Кудак — крепость неприступная; кроме пушек ее охраняют днепровские глубины и отвесные скалы; тут нет надобности в многочисленном гарнизоне. Поэтому в замке было не более 600 человек, но зато людей отборных, один к одному, вооруженных мушкетами и самопалами. Днепр так сужался в этом месте, что стрела, пущенная с одного берега, далеко перелетала на другой. Пушки крепости господствовали над обоими берегами и над всей окрестностью. Кроме того, невдалеке от замка возвышалась башня, с которой открывался обзор на восемь миль вокруг. Стража, проживавшая в ней, давала знать в замок о всяком появлении сколько-нибудь подозрительного скопления людей, и тогда весь гарнизон замка строился в боевой порядок.
— Недели не проходит без какой-нибудь тревоги, — сказал пан Гродзицкий. — То татары, как волки, иногда толпой в несколько тысяч человек, появятся вблизи (насколько можно, мы отгоняем их пушечными выстрелами), а то стража примет за табор табун диких лошадей, и опять новый переполох.
— И не скучно вам на таком безлюдье? — поинтересовался пан Скшетуский.
— Я не променял бы своего места на королевские покои. Я отсюда вижу больше, нежели король из своего окна в Варшаве.
И действительно, с валов на необозримые дали расстилалась степь, целое море земли; на север устье Самары, а на юг Днепр. со своими скалами, пропастями, лесами, вплоть до следующего порога, Сурского.

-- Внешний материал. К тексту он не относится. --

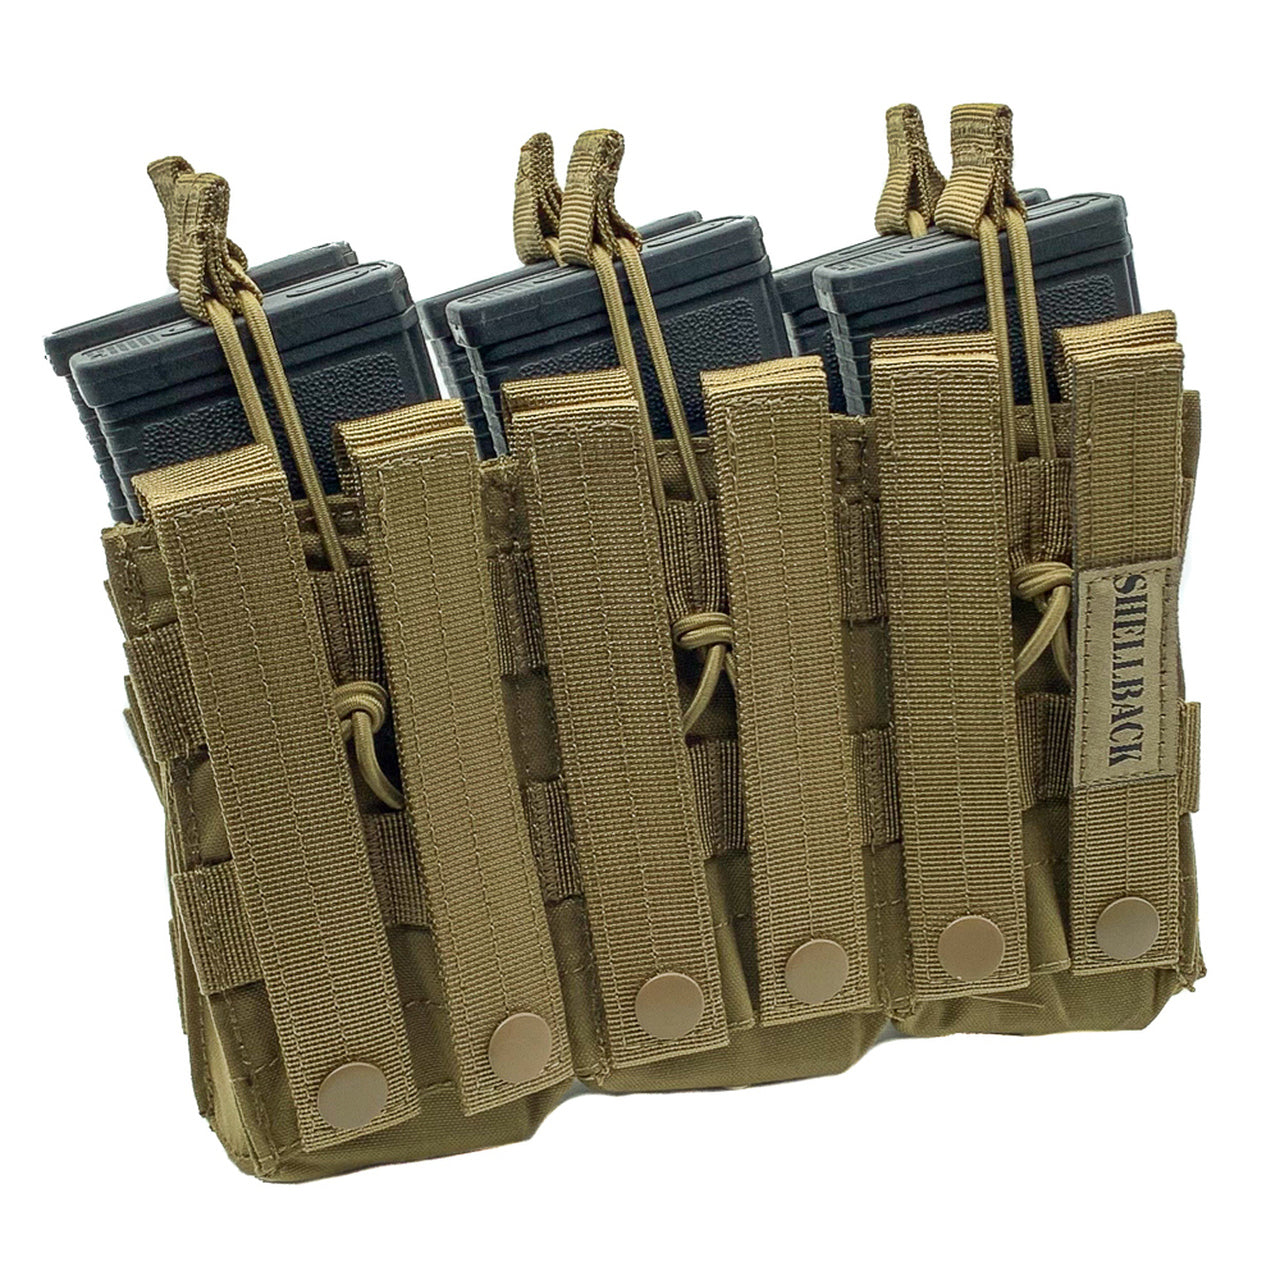 A Shellback Tactical Triple Stacker Open Top M4 Mag Pouch on a white background.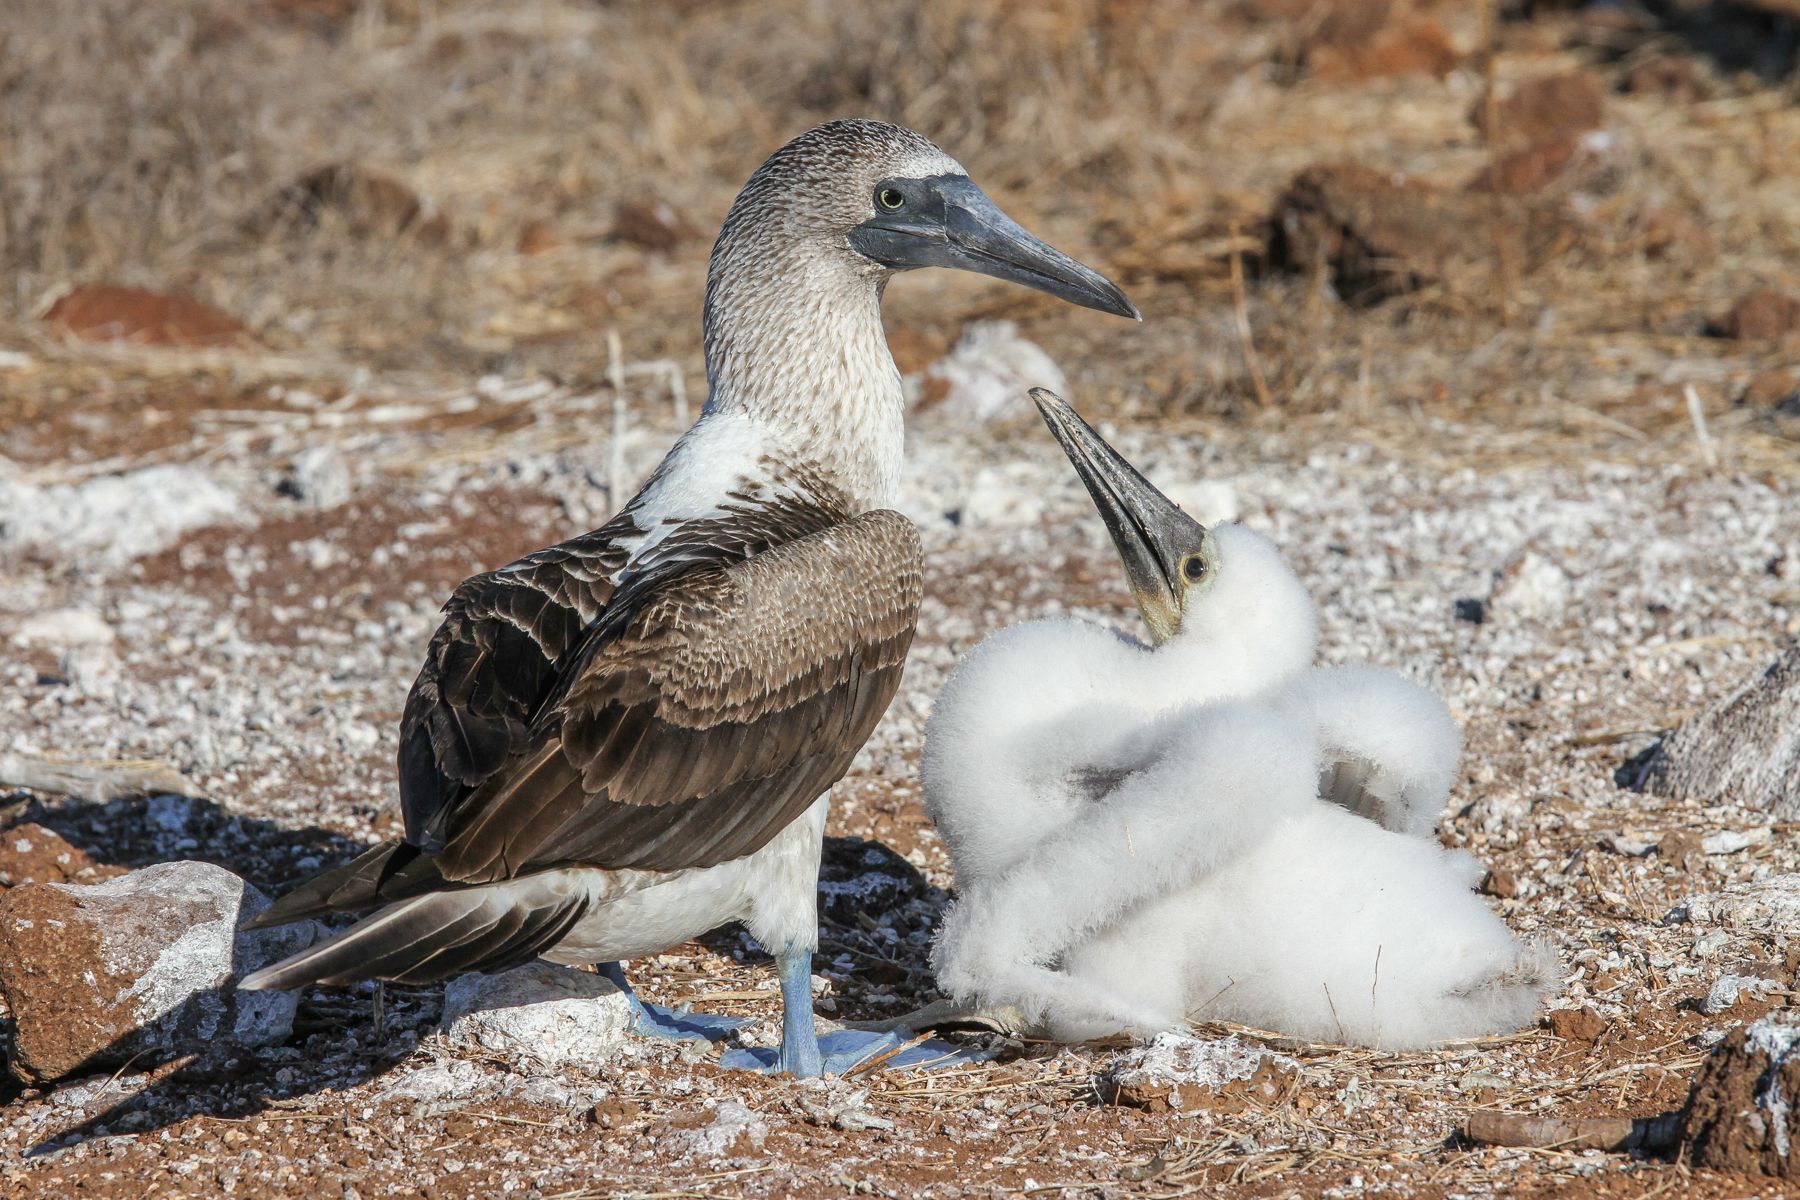 One of the most charismatic Galapagos seabirds is the Blue-footed Booby

Отъезд был назначен на следующий день, но наместнику не спалось. Невеселые мысли роями лезли ему в голову. Поездка в страшную Сечь сулила ему почти неизбежную погибель. А жизнь так улыбалась ему! Он был молод, любим, впереди — союз с милой… но что значит жизнь и любовь в сравнении с честью и славой? Тут он вспомнил, что Елена ждет его в Розлогах, тревожится за него… Богун… дикая, разъяренная толпа… и сердце наместника сжалось болью. Теперь степи просохли, можно бы ехать в Лубны, а он сам приказал Елене и княгине ждать его возвращения в Розлогах. Разве он знал, что буря разыграется так скоро, что поездка в Сечь сопряжена с такими опасностями? Скшетуский расхаживал крупными шагами взад и вперед по комнате, дергал себя за бороду и ломал руки. Что ему делать, как поступить? Воображение рисовало ему Розлоги, объятые огнем, окруженные исступленной, дико воющей чернью, более похожей на дьяволов, чем на людей. Его шаги унылым звуком отражались под сводами комнаты, а ему казалось, что это уже идут за Еленой. На валах протрубили сигнал гасить огни, а ему почудилось, что это звук рога Богуна… и он заскрежетал зубами и ухватился за рукоять сабли. Эх, зачем он так настаивал, чтобы его отправили вместо Быховца в эту проклятую экспедицию?